Abstract

In this post, we present the situation of a grocery store chain looking to decrease checkout-time by supplying scanner guns at self-checkout registers. We demonstrate first the usefulness of difference-in-differences (DiD) methodology in calculating causal effects of the intervention. We then demonstrate how to utilize synthetic control methods (SCM) to perform DiD when there is not a single suitable control unit available. The code for this analysis can be found in the github repo.

Introduction

My-Warehouse (MW) is a regional warehouse club that has gained popularity along the west coast of the USA. MW has gained popularity for its bulk supply of local produce, meat, and other local specialty items from small businesses that can be bought at bulk for at a slight discount compared to other retailers. MW currently operates out of 11 stores in 11 distinct cities along the west coast.

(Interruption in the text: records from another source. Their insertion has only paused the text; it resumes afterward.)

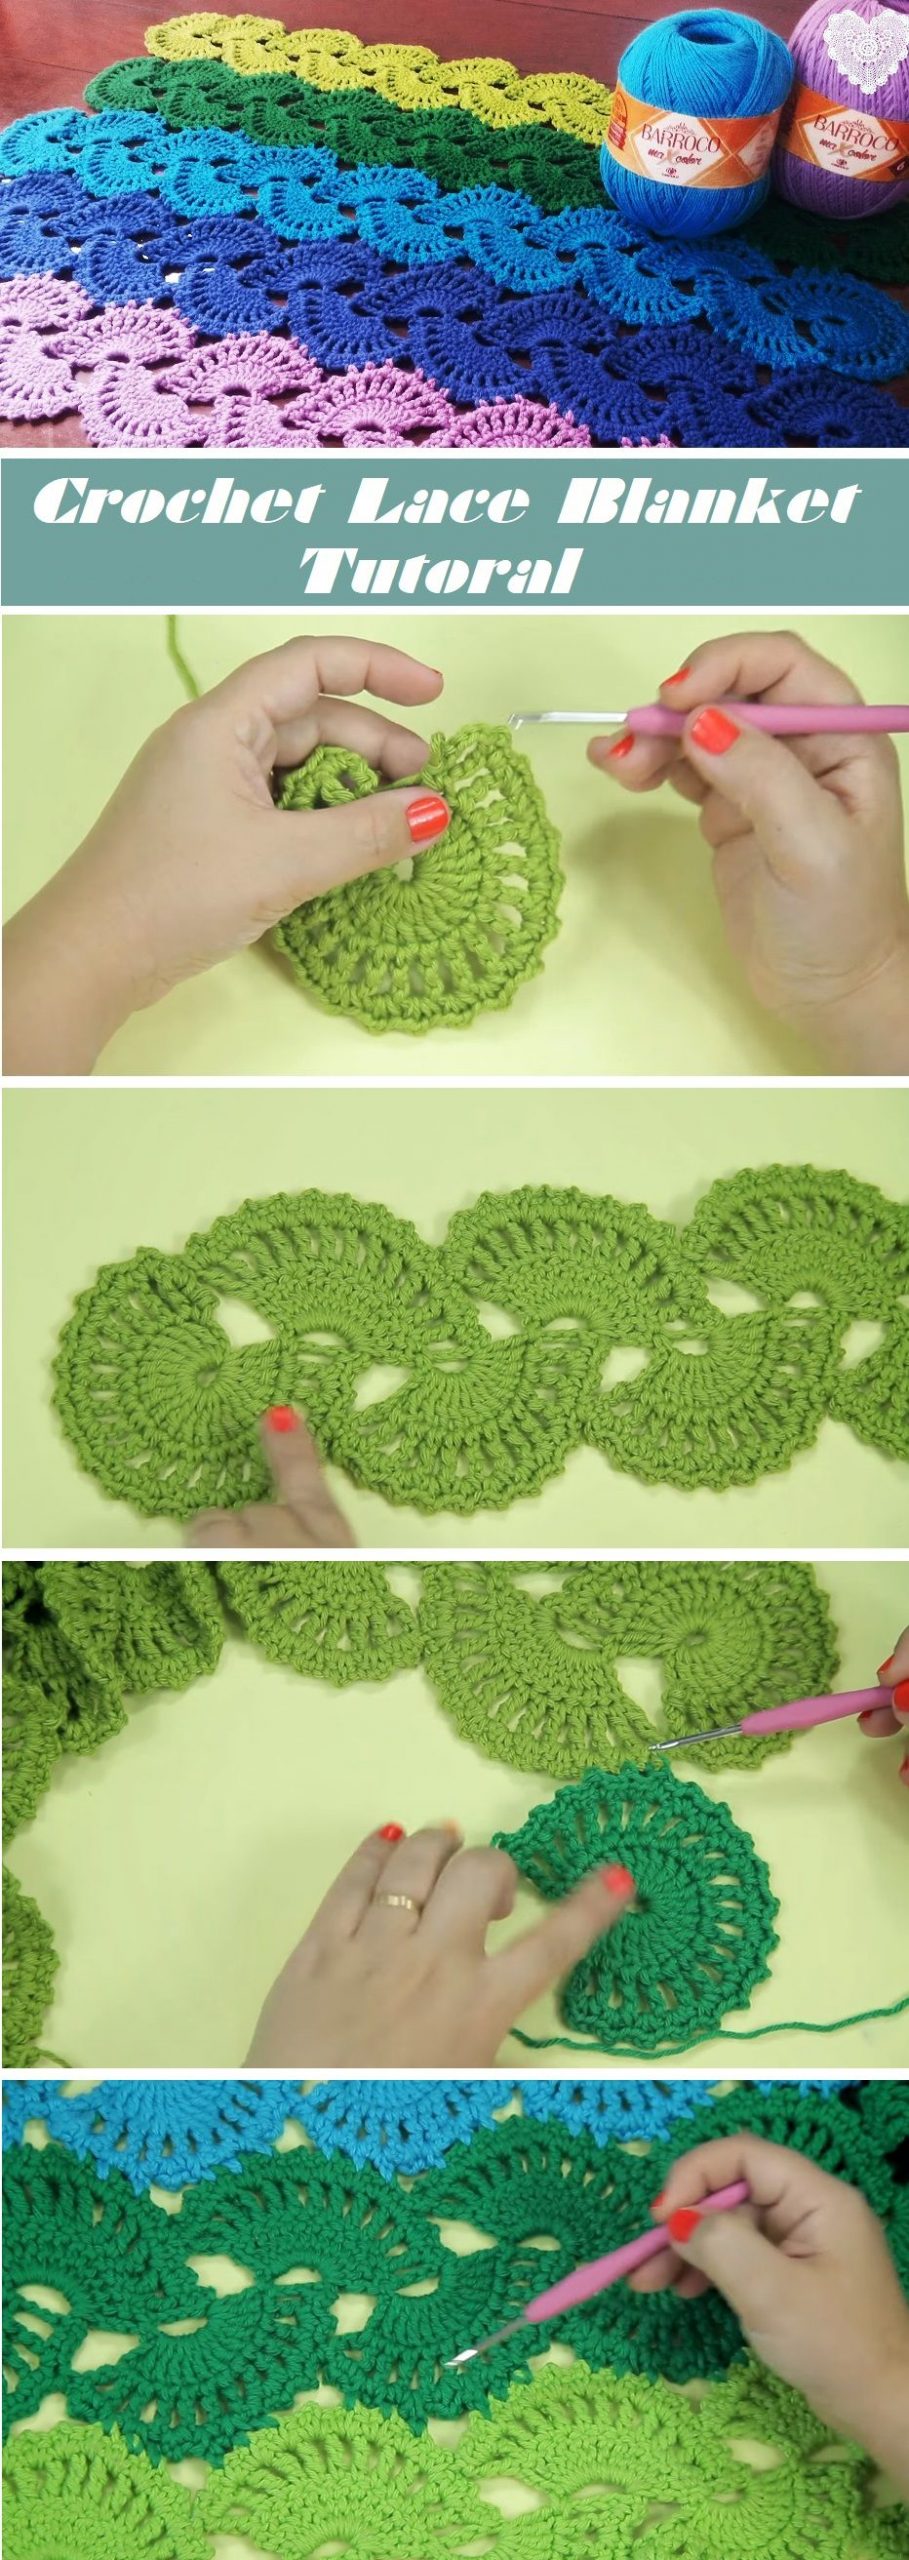 Crochet-Lace-Blanket-–-Tutorial.jpg
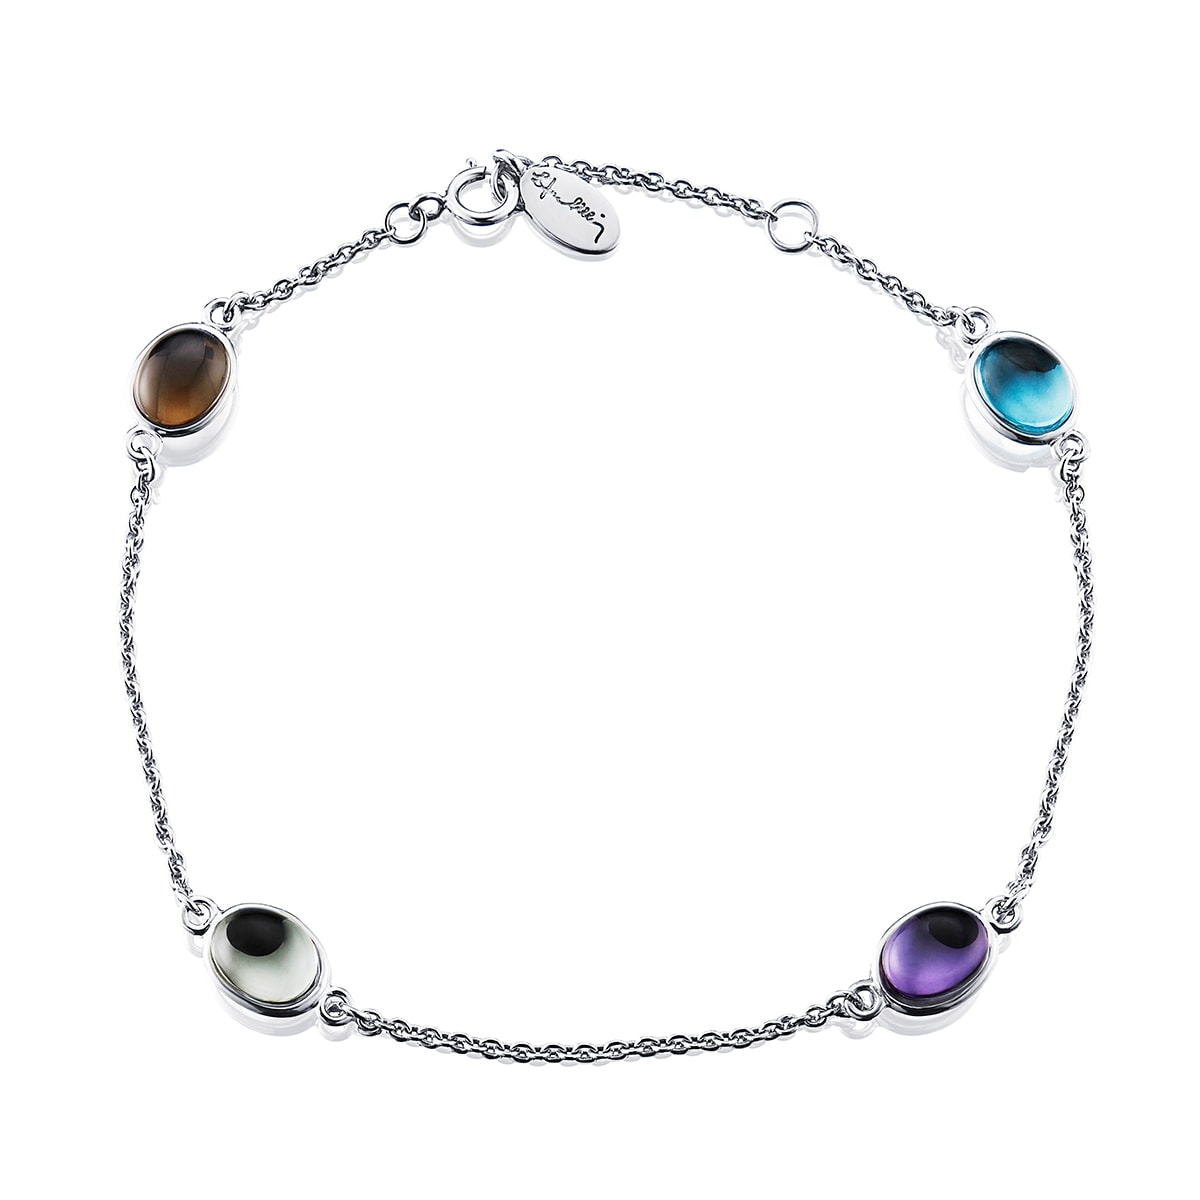 Efva_Attling_smycken_Love Beads Flow Bracelet 14-102-00462(2)_hos_Jarl_Sandin
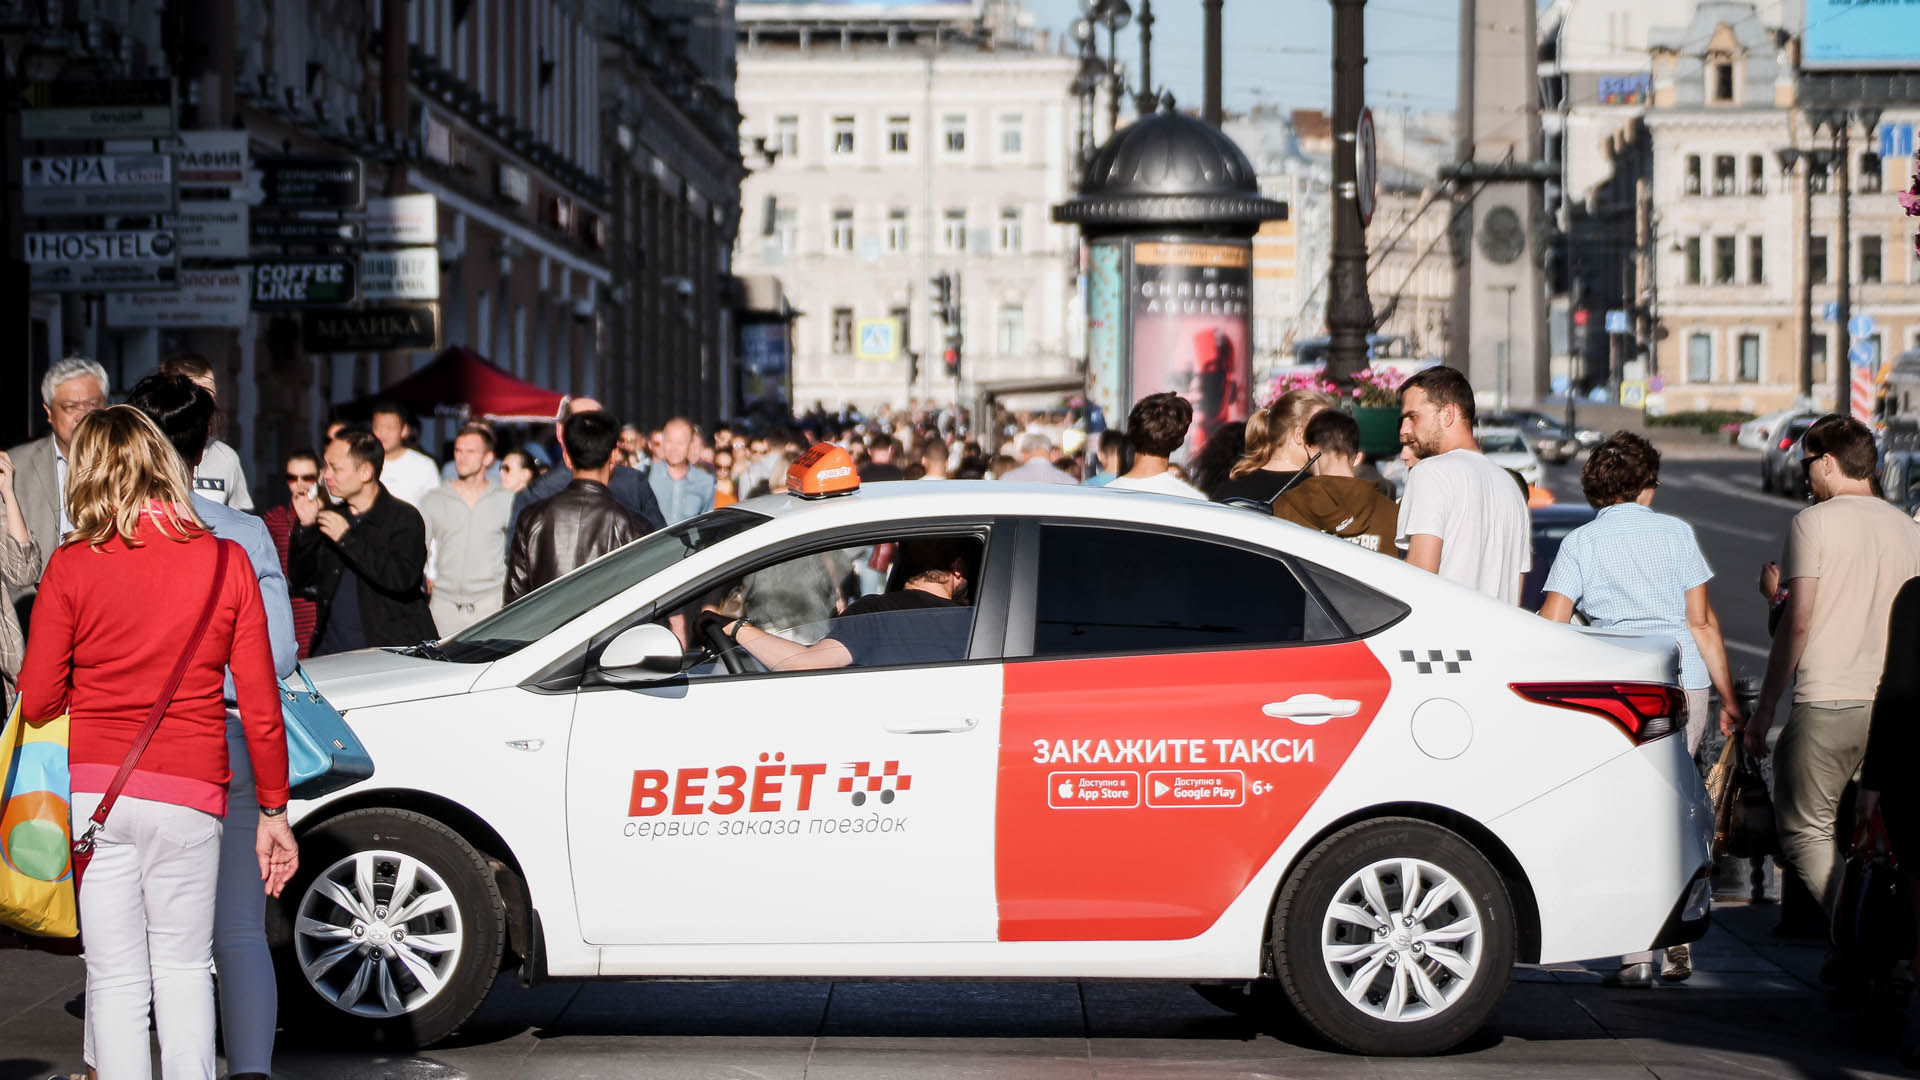 Группа компаний Яндекс.Такси покупает колл-центры и бизнес по заказу грузоперевозок группы компаний «Везёт»
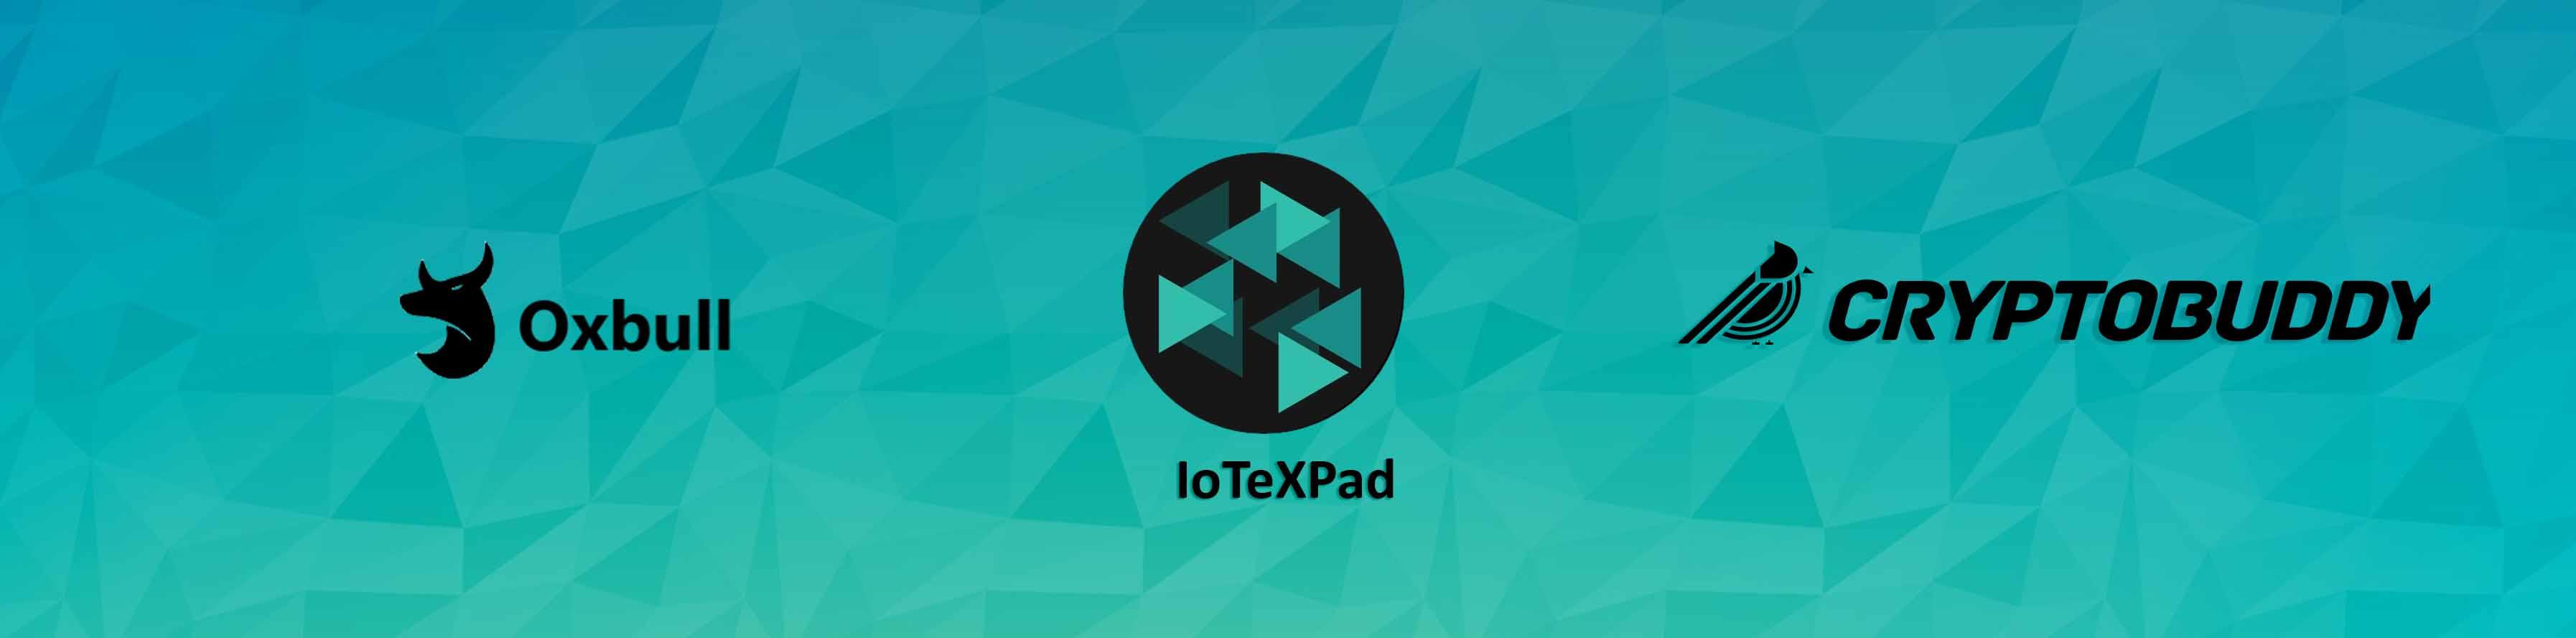 IoTeXPad Oxbull IDO - Whitelist for Cryptobuddy Community

After analyzing customer data regarding how to improve the shopping experience in their stores, one clear suggestion came through: decrease time to checkout. With the growing popularity of MW, many new customers are anxious to get into the store and try local items. However, they become frustrated with how long they have to wait to checkout. Even with the addition of self-checkout, customers still wait too long in lines during peak hours.

One suggestion to decrease checkout time is to provide scanner guns at each self-checkout register, allowing customers to scan the items in their cart instead of unloading each item. A pilot program was recently launched in the Seattle store (SEA). We are tasked with analyzing the data from this program and recommending if the program should be launched across all stores.

Establishing the Operations

Understanding Optimal Efficiency with Cycle Time and Throughput Rate

To begin our analysis, we establish the current flow of traffic in the store, specifically at checkouts. To do this, we’ll look at the current checkout time distribution at SEA, shown in Figure 3.1.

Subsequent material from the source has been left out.